The coronavirus pandemic has caused people to see everyday things in a new light. For Johanna Landreneau, Glenda Pollard and several other Baton Rouge residents, the new perspective shined light on an old problem: litter.
But they didn’t just complain about it. They formed Clean Pelican, a nonprofit organization that holds monthly litter pickups, educates youths and adults about litter prevention and researches to identify areas where litter is particularly bad. Though they’re under no illusion that this will be a quick fix.
“We have a litter culture here right now that needs to be changed,” Landreneau said.
They’re unclear whether the pandemic exacerbated litter, though they said widespread use of disposable face masks was a visible contributor. But restrictions on air travel meant driving more, and the founders started noticing how the amount of roadside litter increased as they neared home.
“When we would come into Louisiana, we were the trashiest,” Pollard said. “The other states did not look as bad as we did on the interstate, and when we got closer and closer to Baton Rouge, we’d see more and more and more trash. I think that’s what ended up bringing us together.”

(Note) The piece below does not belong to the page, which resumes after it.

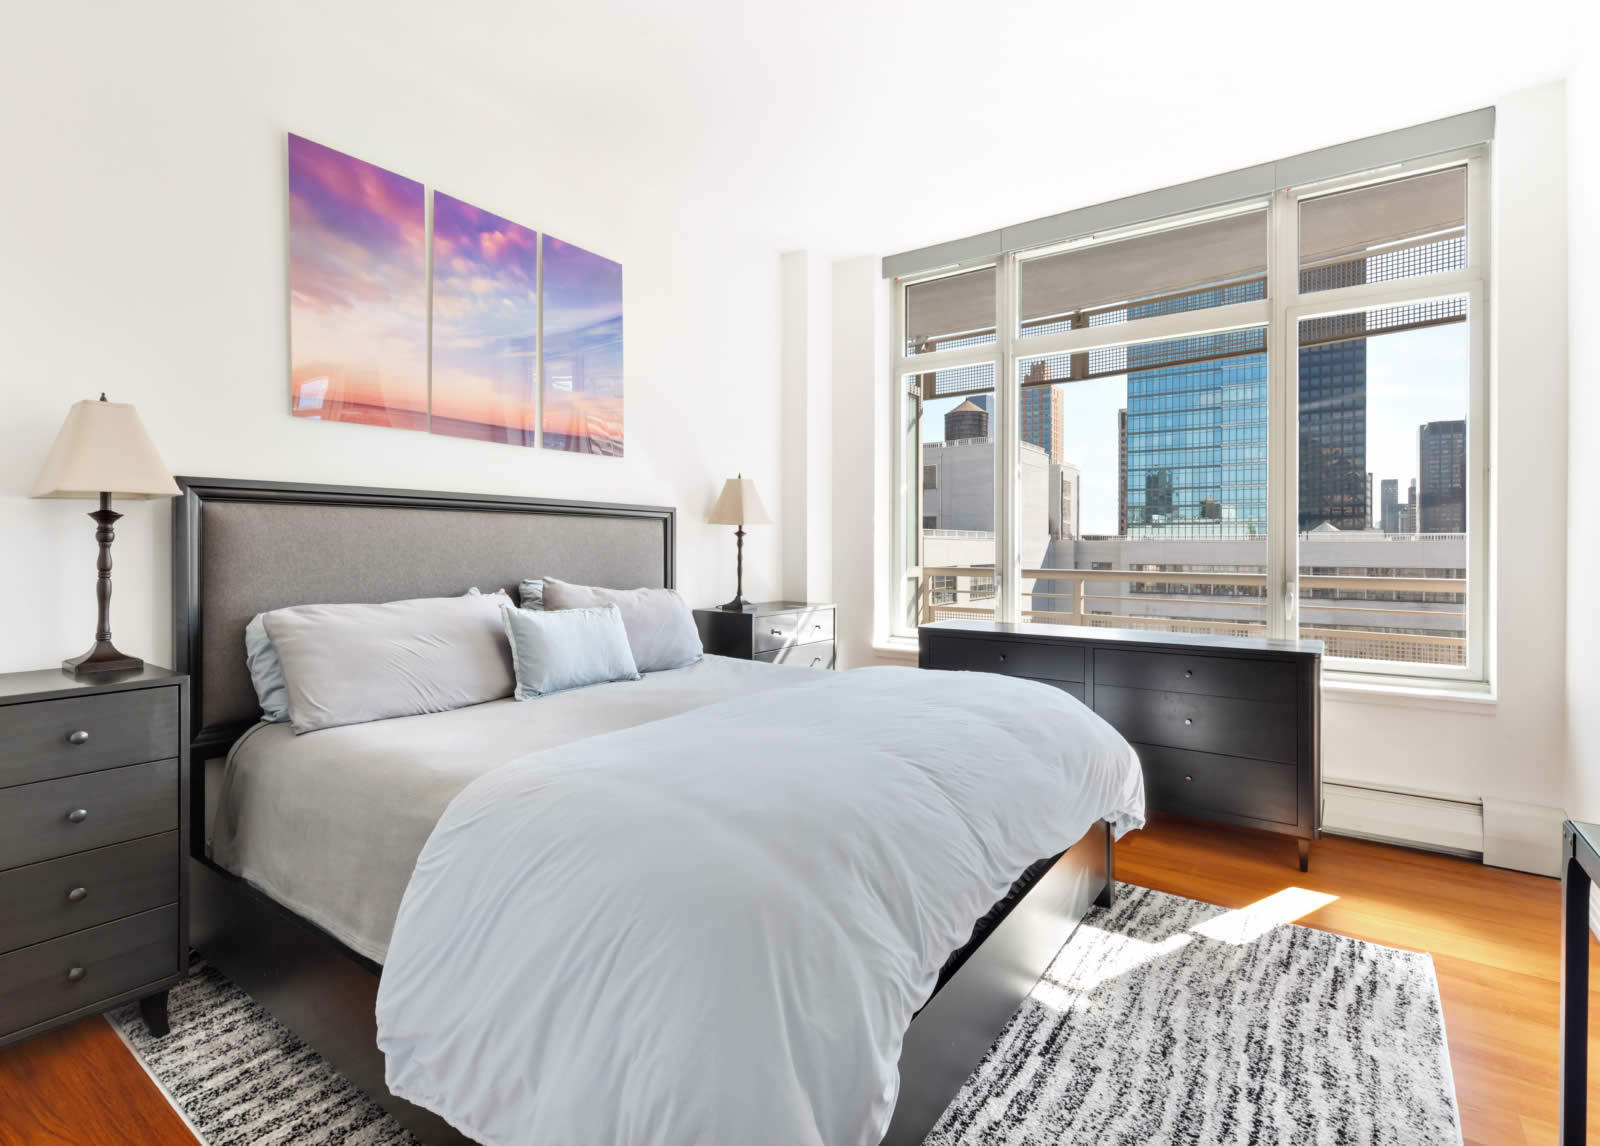 apartment-bay-windows-terrace-upper-east-side-central-park

At Pollard’s urging, they recruited friends to hold litter cleanup days. Doing that had an unexpected effect: The more they picked up litter, the more they saw it at other times. That led to the residents launching Clean Pelican as a nonprofit organization that could develop resources to raise awareness and change attitudes.
Rather than rely on their network of friends, they recruited local businesses to invite employees to participate in cleanups, counting on those experiences to increase the number of people who would change their own behavior. Clean Pelican is attempting to start an anti-litter club at Episcopal High School that, if successful, can be duplicated in other schools. The organization also is working with education officials to create teaching materials and questions on the statewide LEAP tests regarding litter and making the state cleaner.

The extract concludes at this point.